Excerpts from a dataset
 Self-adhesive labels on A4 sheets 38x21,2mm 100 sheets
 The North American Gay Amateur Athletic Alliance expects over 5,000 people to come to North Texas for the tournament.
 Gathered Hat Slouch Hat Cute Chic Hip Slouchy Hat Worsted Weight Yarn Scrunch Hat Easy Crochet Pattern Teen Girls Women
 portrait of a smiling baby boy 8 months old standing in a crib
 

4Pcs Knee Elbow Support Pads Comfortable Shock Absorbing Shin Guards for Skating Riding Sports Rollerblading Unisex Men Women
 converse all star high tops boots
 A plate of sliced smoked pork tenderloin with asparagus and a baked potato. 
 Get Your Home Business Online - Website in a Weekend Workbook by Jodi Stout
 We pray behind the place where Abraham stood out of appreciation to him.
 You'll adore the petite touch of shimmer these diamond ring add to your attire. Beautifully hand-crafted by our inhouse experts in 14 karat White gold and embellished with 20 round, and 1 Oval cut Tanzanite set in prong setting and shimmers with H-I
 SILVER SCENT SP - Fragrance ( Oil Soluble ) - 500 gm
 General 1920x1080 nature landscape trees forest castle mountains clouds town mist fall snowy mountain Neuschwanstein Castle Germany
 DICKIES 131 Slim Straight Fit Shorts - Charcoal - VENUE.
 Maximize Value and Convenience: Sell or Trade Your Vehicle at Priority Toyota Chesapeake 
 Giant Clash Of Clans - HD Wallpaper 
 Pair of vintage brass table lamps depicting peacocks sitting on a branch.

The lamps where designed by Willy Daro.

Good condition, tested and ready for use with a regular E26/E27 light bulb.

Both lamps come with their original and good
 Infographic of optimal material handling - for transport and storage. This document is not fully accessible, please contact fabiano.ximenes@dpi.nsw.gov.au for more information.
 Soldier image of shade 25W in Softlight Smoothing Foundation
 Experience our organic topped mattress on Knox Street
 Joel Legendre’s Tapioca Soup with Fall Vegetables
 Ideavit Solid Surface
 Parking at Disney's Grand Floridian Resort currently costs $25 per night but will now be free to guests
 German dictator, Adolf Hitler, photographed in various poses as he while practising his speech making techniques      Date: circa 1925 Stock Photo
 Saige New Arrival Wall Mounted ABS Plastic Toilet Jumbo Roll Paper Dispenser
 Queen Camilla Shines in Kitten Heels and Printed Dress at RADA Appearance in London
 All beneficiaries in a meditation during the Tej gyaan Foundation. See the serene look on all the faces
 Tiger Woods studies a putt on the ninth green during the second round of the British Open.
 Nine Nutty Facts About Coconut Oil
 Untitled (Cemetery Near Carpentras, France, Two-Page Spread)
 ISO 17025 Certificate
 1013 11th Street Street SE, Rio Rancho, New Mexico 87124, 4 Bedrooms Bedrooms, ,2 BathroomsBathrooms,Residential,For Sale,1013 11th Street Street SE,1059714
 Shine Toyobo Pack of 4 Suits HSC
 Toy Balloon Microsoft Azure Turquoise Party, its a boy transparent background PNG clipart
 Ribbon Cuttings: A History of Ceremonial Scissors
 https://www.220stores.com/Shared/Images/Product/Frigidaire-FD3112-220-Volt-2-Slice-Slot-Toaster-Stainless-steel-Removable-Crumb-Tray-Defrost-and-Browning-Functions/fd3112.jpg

■ Exercise goal: Take the lines from the top of the data through the one that contains "converse all star high tops boots" and copy them exactly, leaving out every line after it.

■ Solution to this exercise:
 Self-adhesive labels on A4 sheets 38x21,2mm 100 sheets
 The North American Gay Amateur Athletic Alliance expects over 5,000 people to come to North Texas for the tournament.
 Gathered Hat Slouch Hat Cute Chic Hip Slouchy Hat Worsted Weight Yarn Scrunch Hat Easy Crochet Pattern Teen Girls Women
 portrait of a smiling baby boy 8 months old standing in a crib
 

4Pcs Knee Elbow Support Pads Comfortable Shock Absorbing Shin Guards for Skating Riding Sports Rollerblading Unisex Men Women
 converse all star high tops boots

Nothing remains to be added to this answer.